As to the superposition of different aspects of an object on a canvas, that had been done for a long time; thus the eighteenth-century Italian painter Canaletto drew various parts of a set of buildings from different places and merged them into a combined view on the painting (for example, in Campo S.S. Giovanni e Paolo).
It was therefore doubly wrong to invoke him as an authority in support of the widespread misunderstanding that the physical understanding of relativity meant that all frameworks, points of view, narrators, fragments of plot, or thematic elements are created equal, that each of the polyphonic reports and contrasting perceptions is as valid or expedient as any other, and that all of these things, when piled together or juxtaposed, Rashomon-like, somehow constitute the real truth. If anything, twentieth-century relativistic physics has taught the contrary: that under certain conditions we can extract from different reports, or even from the report originating in one frame properly identified, all the laws of physics, each applicable in any framework, each having therefore an invariant meaning, that one does not depend on the accident of which frame one inhabits. It is for this reason that, by comparison with classical physics, modern relativity is simple, universal, and, one may even say. "absolute." The cliche became, erroneously, "everything is relative"; whereas the point is that out of a vast flux one can distill the very opposite: "some things are invariant."

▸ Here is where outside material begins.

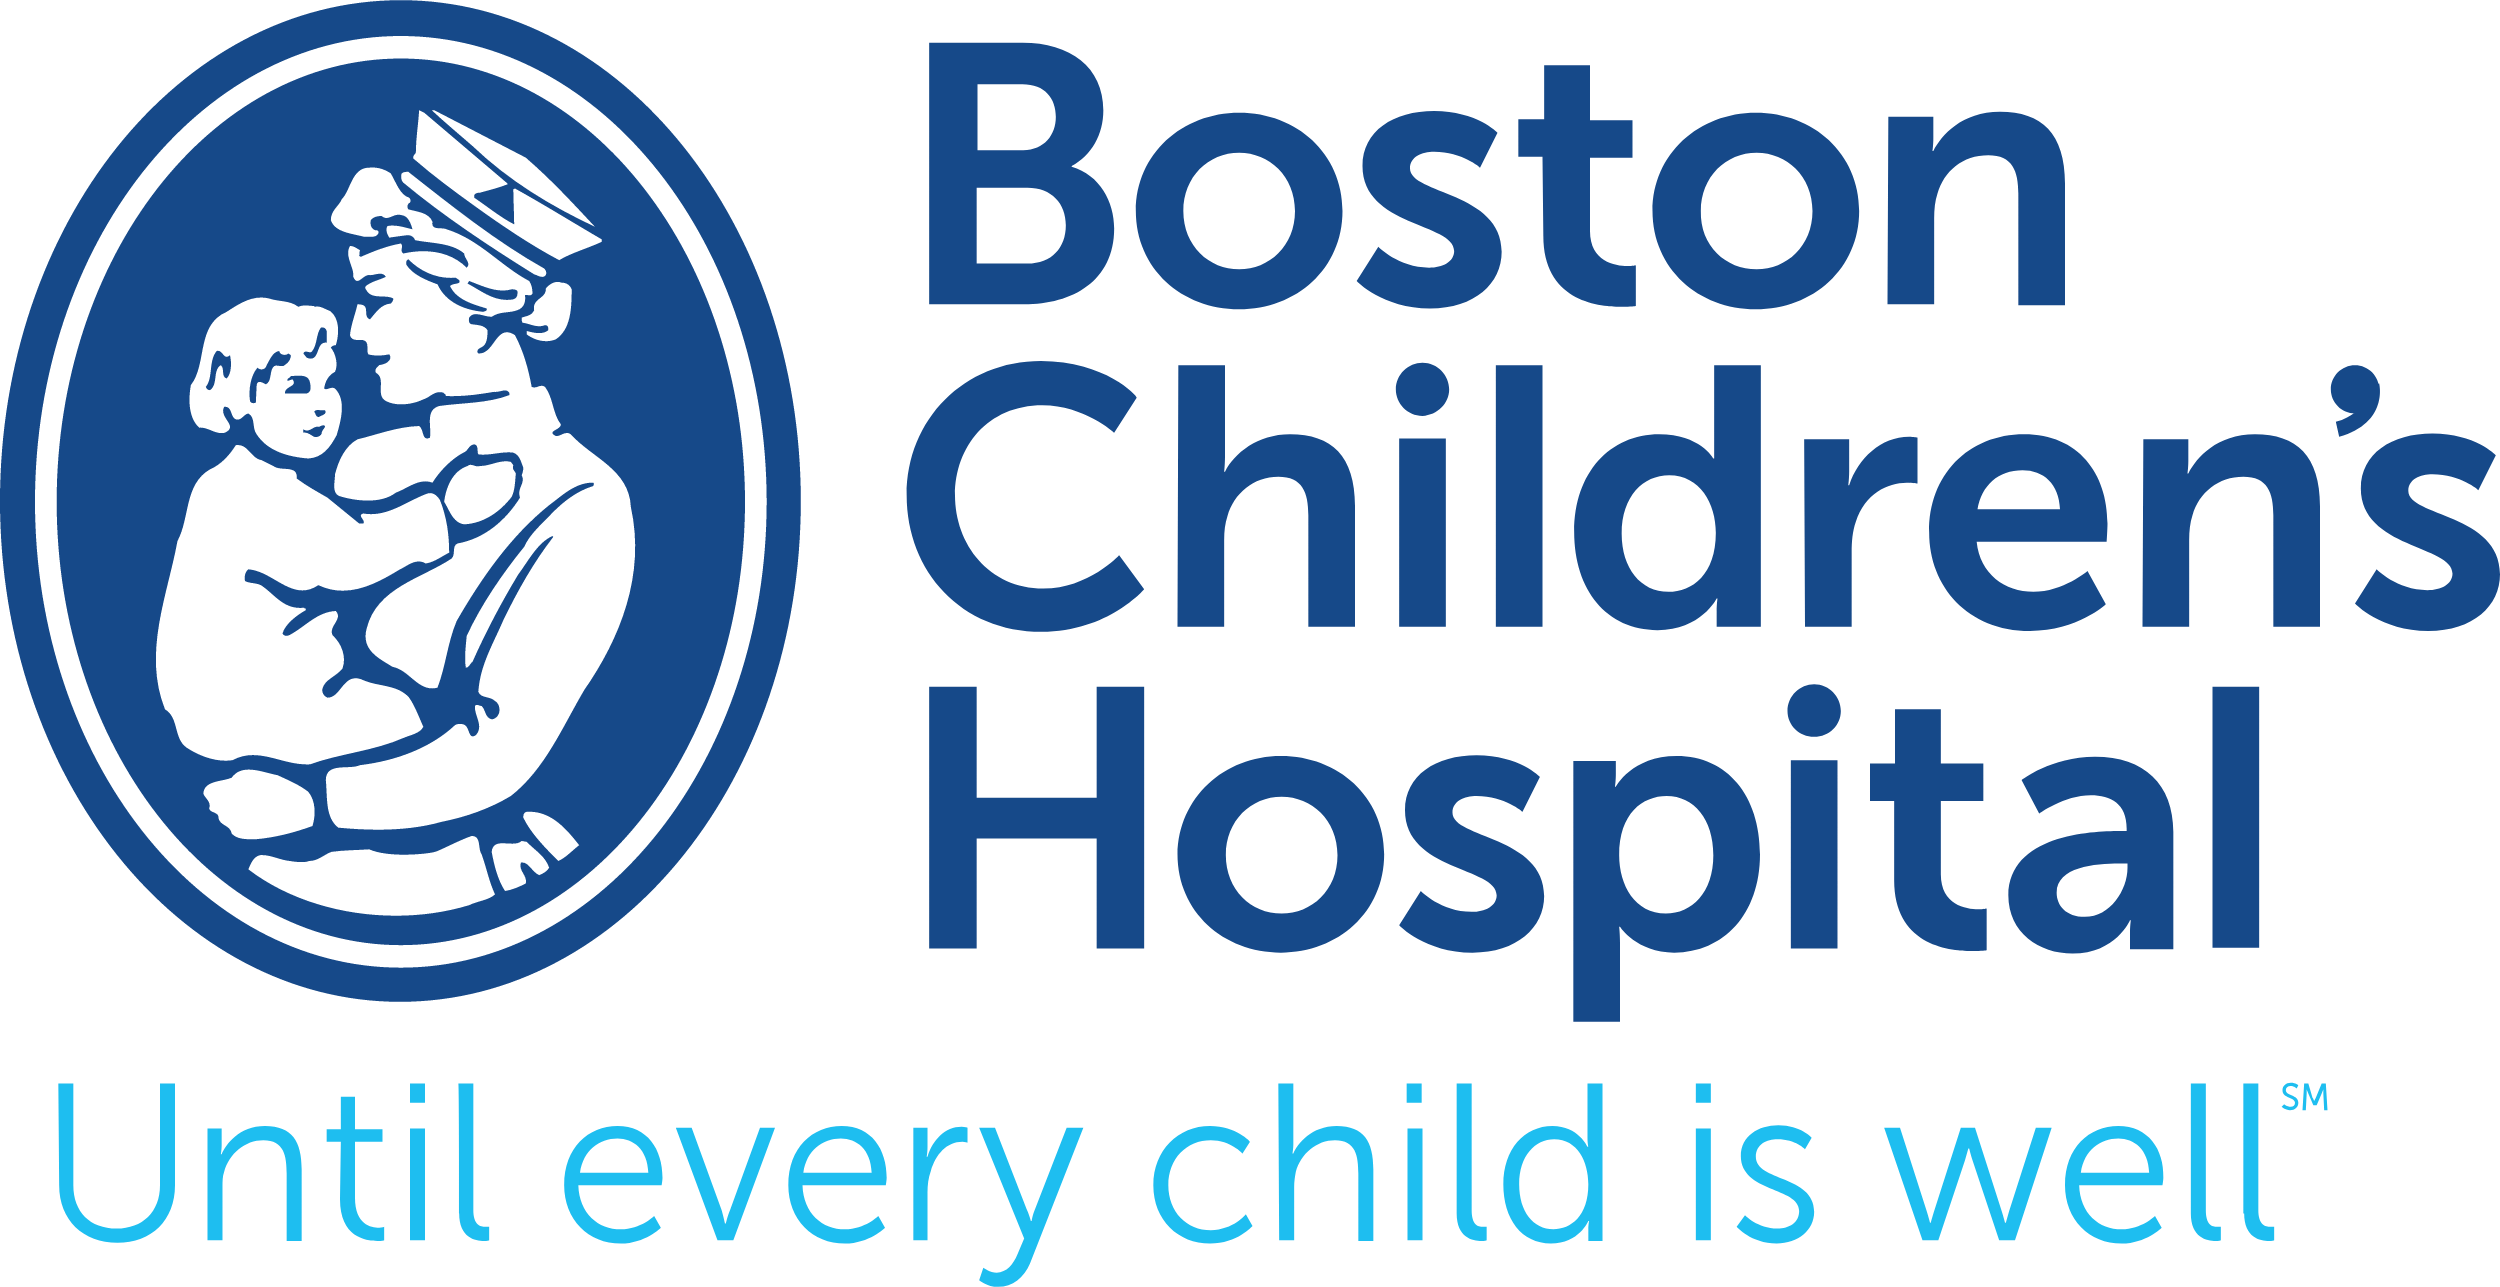 Boston_Childrens_Hospital_logo

The cost of the terminological confusion has been so great that a brief elaboration on this point will be relevant. Partly because he saw himself as a continuist rather than as an iconoclast, Einstein was reluctant to present this new work as a new theory. The term "relativity theory," which made the confusion in the long run more likely, was imposed on Einstein's early work by Planck and Abraham in 1906. For a time Einstein referred to it in print as the "so-called relativity theory," and until 1911 he avoided using the term altogether in the titles of his papers on the subject. In his correspondence Einstein seemed happier with the term Invariantentheorie, which is of course much more true to its method and aim. How much nonsense we might have been spared if Einstein had adopted that term, even with all its shortcomings ! To a correspondent who suggested such a change, Einstein replied (letter to E. Zschimmer, 30 September 1921): "Now to the name relativity theory. I admit that it is unfortunate, and has given occasion to philosophical misunderstanding.... The description you proposed would perhaps be better; but I believe it would cause confusion to change the generally accepted name after all this time.